The Δ_solS⁰ values for the TMZ dissolution characteristic in all examined solvents were also detected as positive values and within the range from 8.74 J mol⁻¹ K⁻¹ to 64.03 J mol⁻¹ K⁻¹. The positive Δ_solS⁰ values suggest an entropy-driven dissolution of TMZ in all solvents. In general, the TMZ dissolution was regarded as endothermic and entropy-driven in all solvents examined in the current study [13,14,25]. The overall analysis shows that the dissolution behavior of TMZ in general was found to be endothermic, spontaneous, and entropy-driven in all the solvents considered in the current study [14,33].

4. Conclusions

In the present study, the experimental solubility and solution thermodynamics of TMZ, a classic DNA methylating anticancer drug, were examined in 10 frequently used solvents at five different temperatures. The solubility of TMZ in all the examined solvents was considerably augmented with an increase in temperature.

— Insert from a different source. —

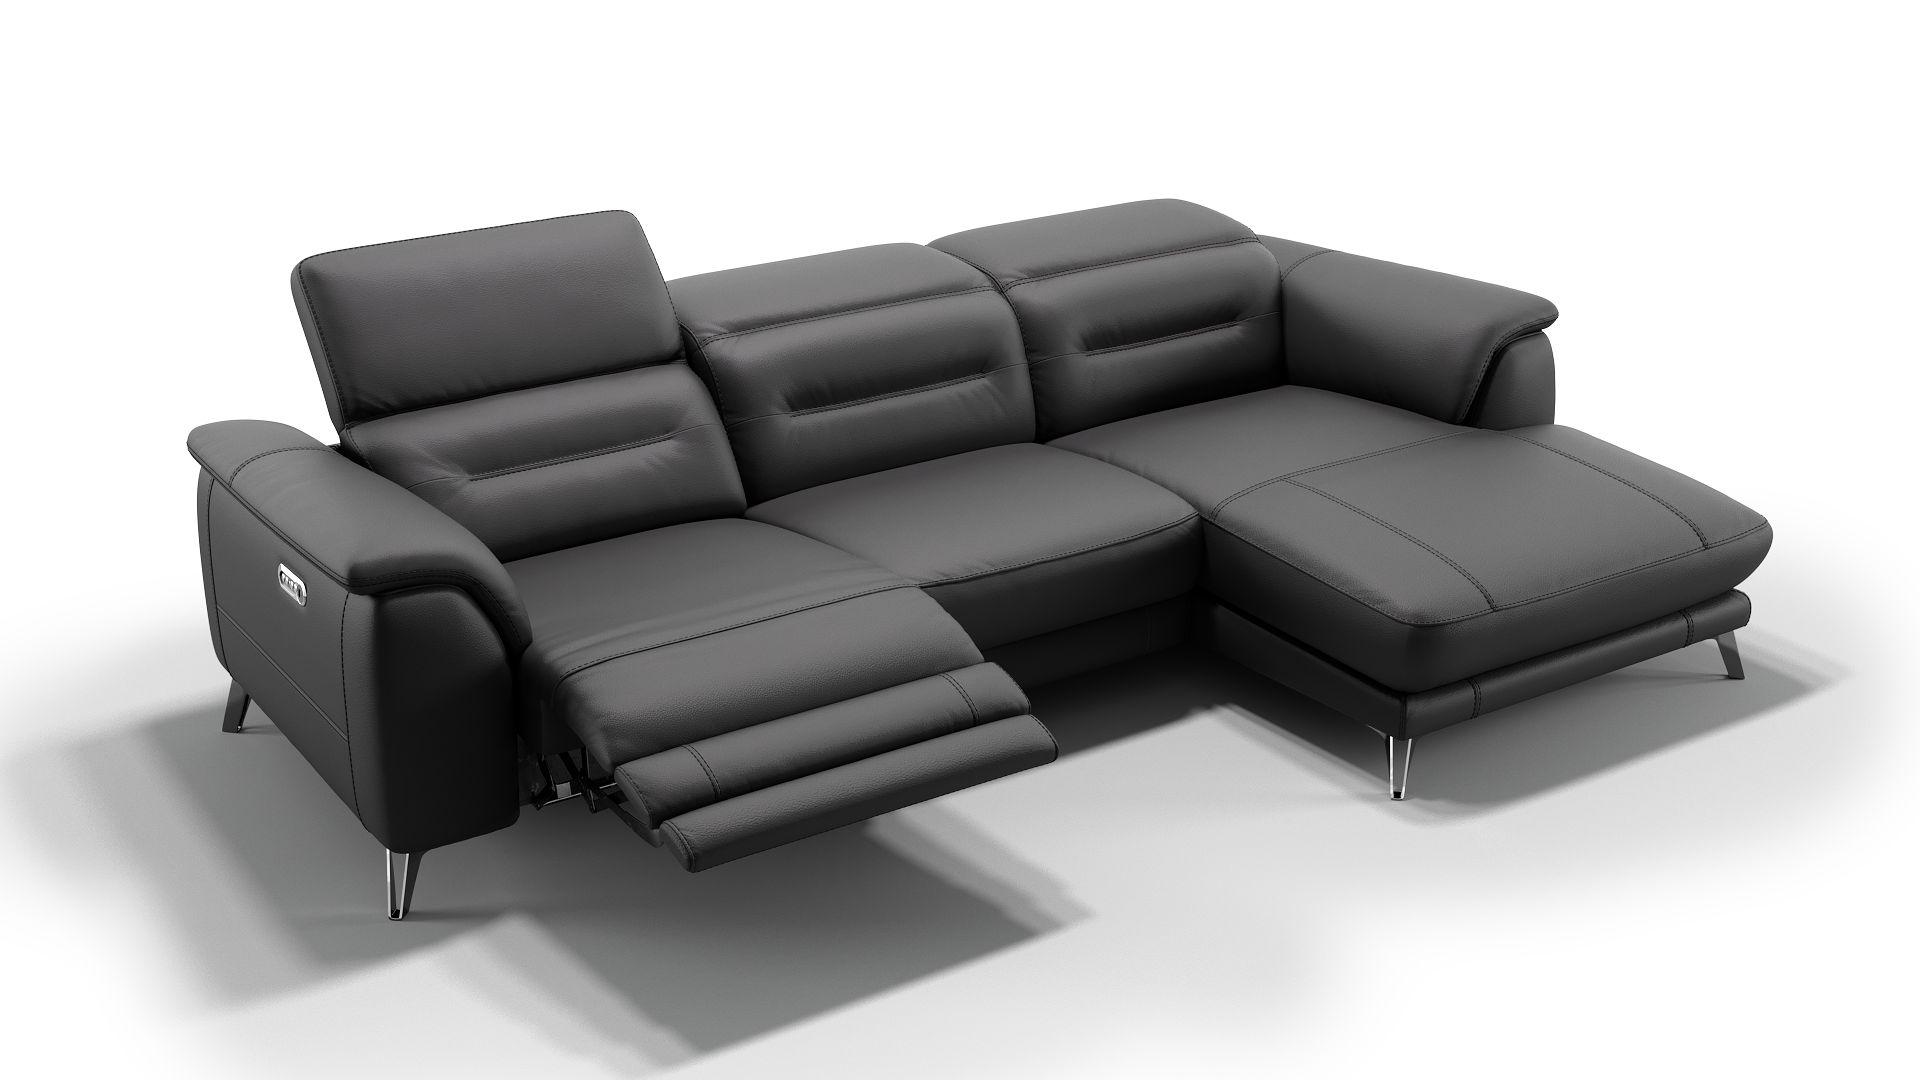 Full Size of Sofa Mit Relaxfunktion Elektrisch Leder 2 Sitzer Zweisitzer Elektrischer Couch Verstellbar Test 3er Sitztiefenverstellung 3 Polstergarnitur Gandino Sofanella Sofa Sofa Mit Relaxfunktion Elektrisch
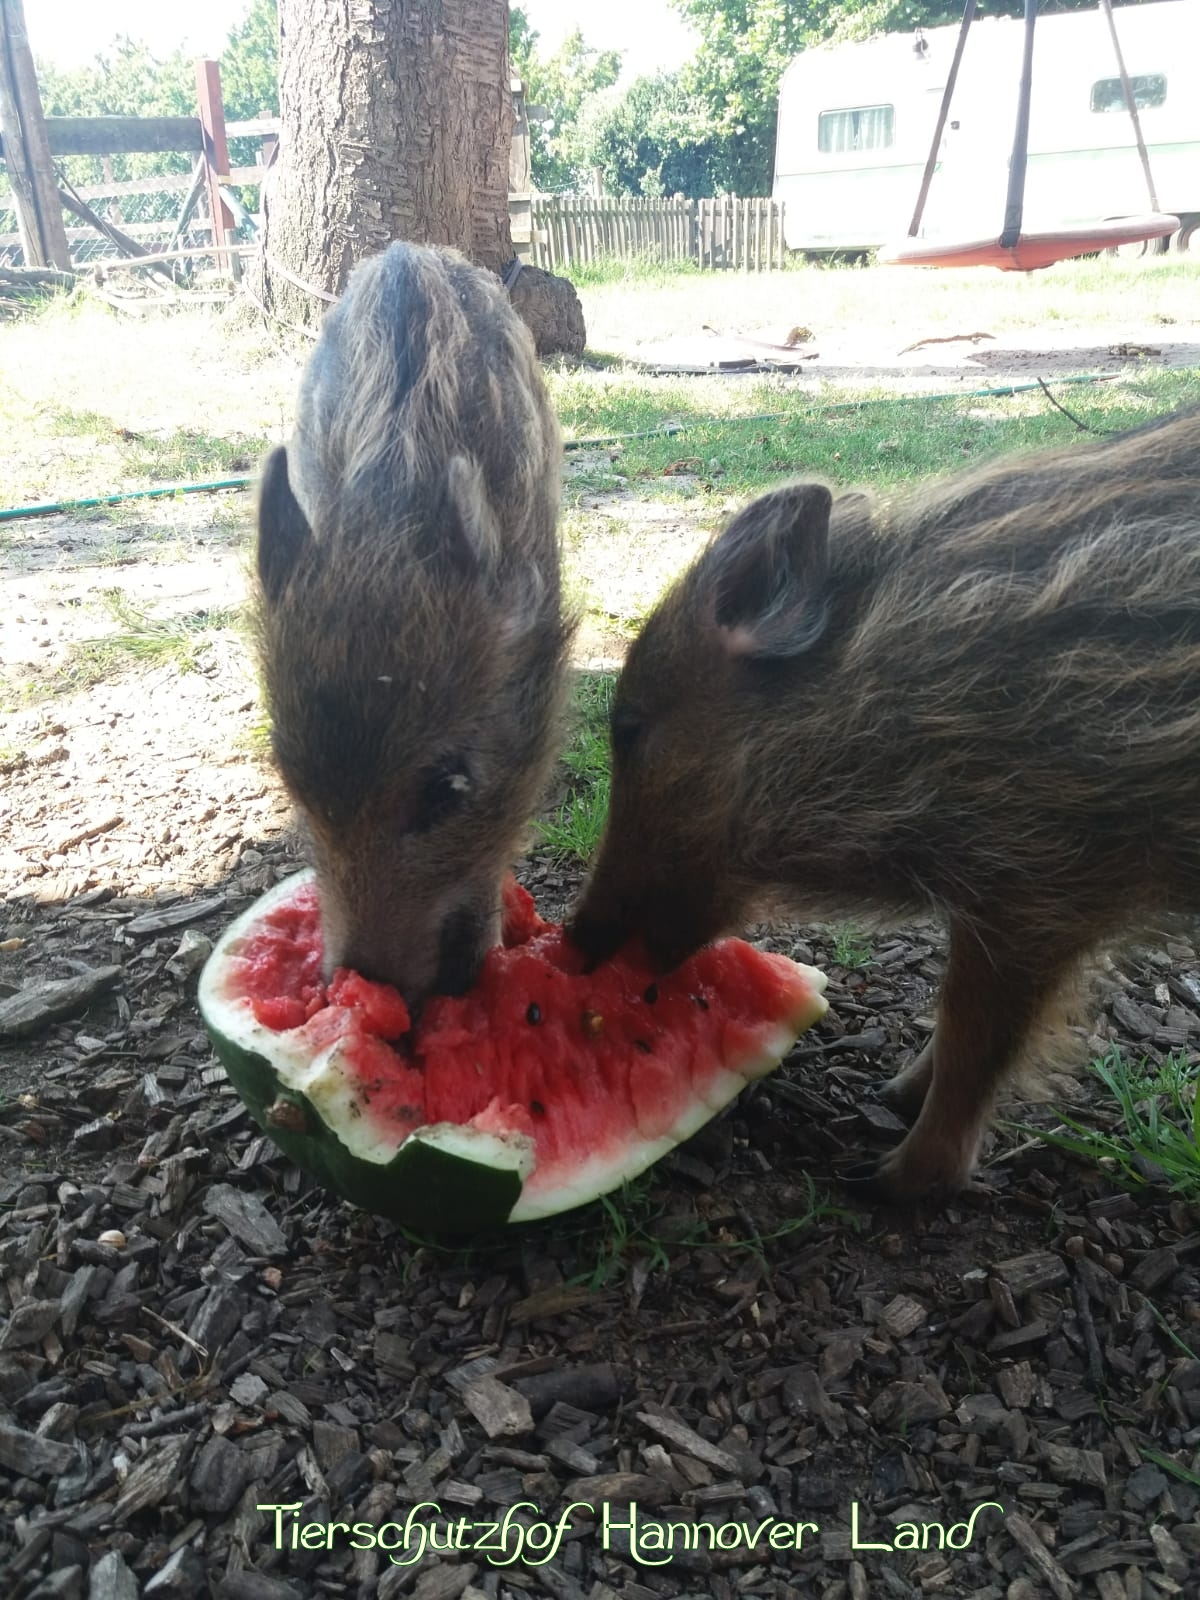 Heißes Wetter im August - da erfrischt eine Wassermelone wunderbar...

The maximal mole fraction solubility of TMZ was detected in DMSO, followed by that in “PEG-400, TC, EG, PG, H₂O, EA, EtOH, IPA, and 1-BuOH”. In conclusion, TMZ is considered to be highly soluble in DMSO; soluble in PEG-400, TC, EG, and PG; slightly soluble in H₂O, EA, and EtOH, and poorly soluble in IPA and 1-BuOH.